Easing the burnout burden could also improve rheumatology workforce gaps. Burnout is characterized by anxiety and dread of the workplace, said Daniel Albert, MD, Professor of Medicine and Pediatrics at The Dartmouth Institute for Health Policy and Clinical Practice at the Geisel School of Medicine at Dartmouth.

Women tend to be more susceptible to burnout due to conflicting burdens at home and at work. Other risk factors include having younger children, high demands on clinical productivity, low job satisfaction, high debt, social isolation, poor work recognition, and moral injury.

Conventional answers to burnout — developing programs to inspire and grow resilience — are both common at academic and healthcare institutes and useless, he said.
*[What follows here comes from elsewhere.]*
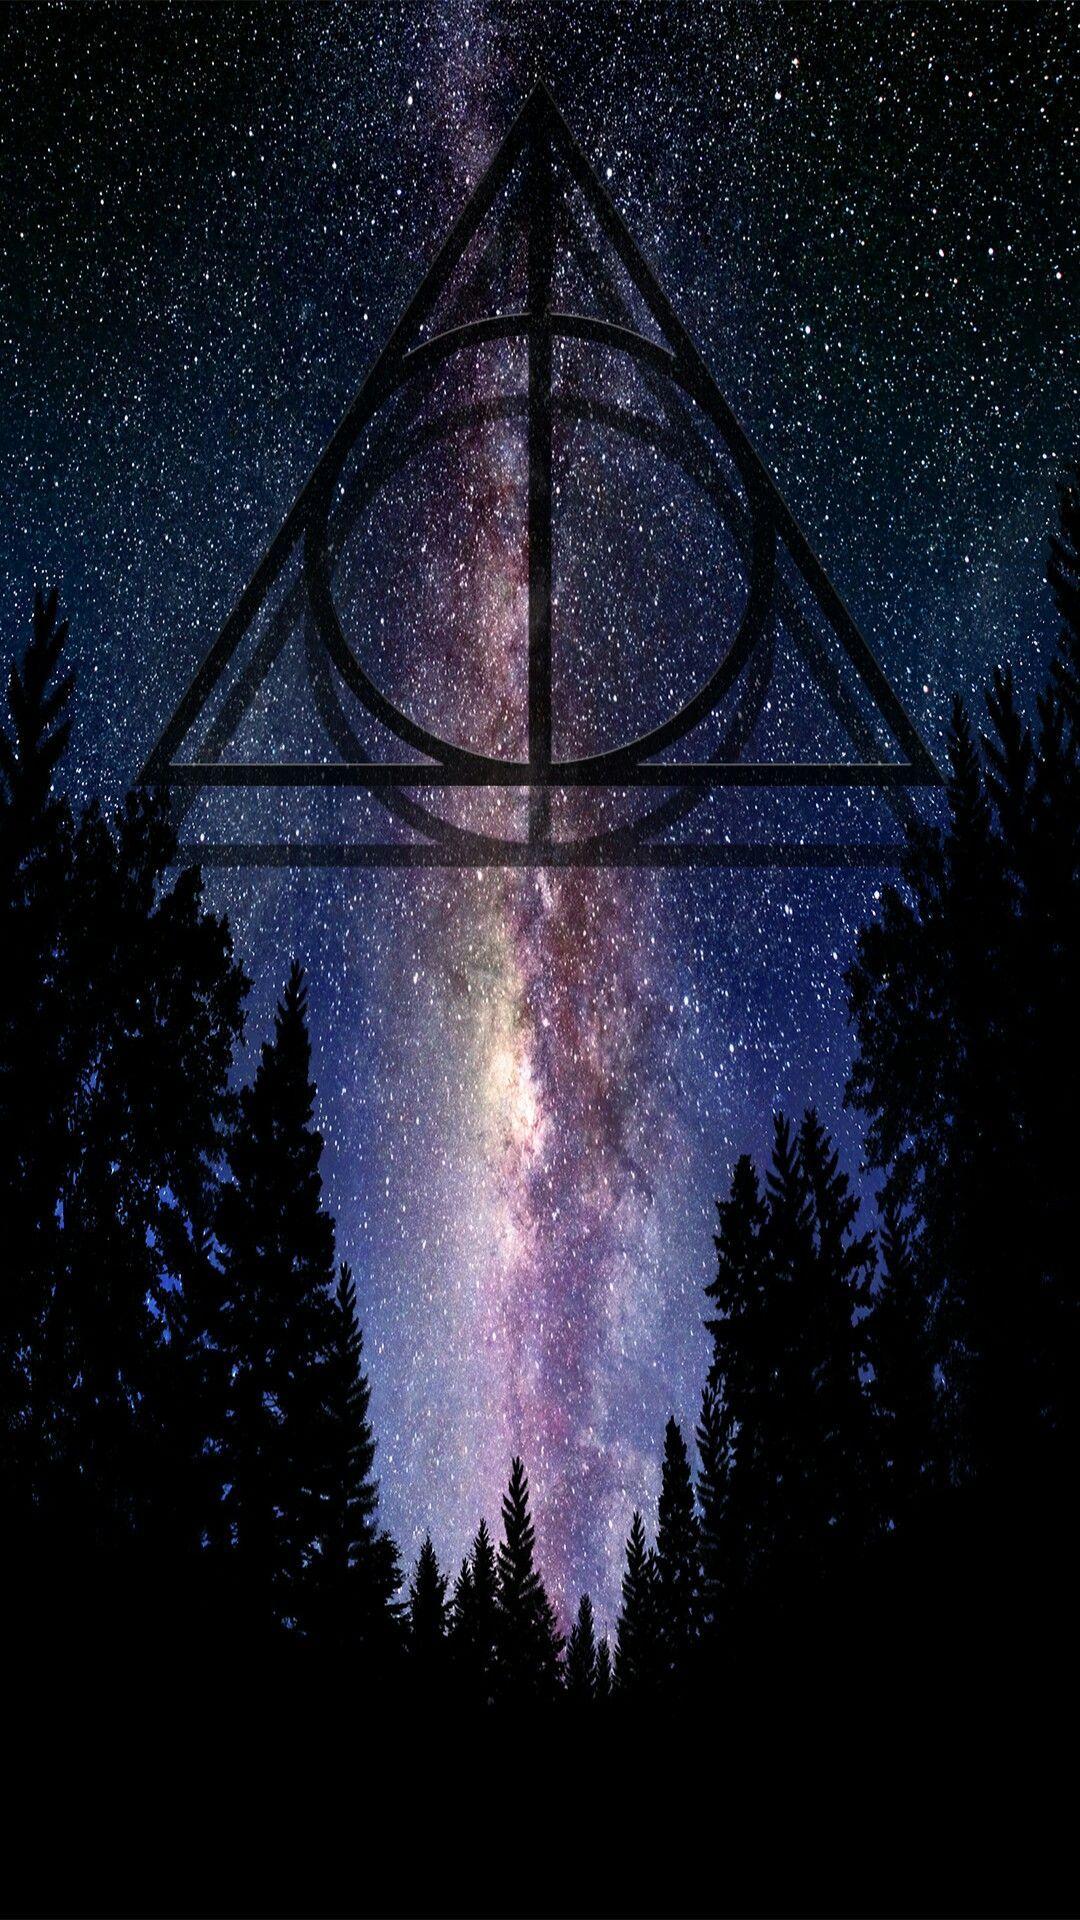 The deathly hallows. My new favorite series. HARRY POTTER

“Telling people to grow their resilience is akin to blaming the victim,” Dr. Albert clarified. “You already have resilience.”

Just as the key drivers to burnout are systemic, so are the remedies. Every return rheumatology patient needs a 30-minute appointment, while every new patient needs 60 minutes, Dr. Albert said. If your institution doesn’t allow that much time, he encourages clinicians to push for it, with the clear possibility of changing employers.

Family comes before job, he added, and clinicians shouldn’t be held to “market value” in salary negotiations. There are multiple online sources for compensation comparisons. Current locum compensation is another useful guide for salary negotiations.

“The world of medicine is changing,” Dr. Albert said. “It is becoming more corporate and less academic, big money-like venture. Venture capital, Amazon, and investment firms will dictate how you practice. As a consequence, providers will begin to unionize. The impact of it is yet to be felt, but it will increase midlevels.”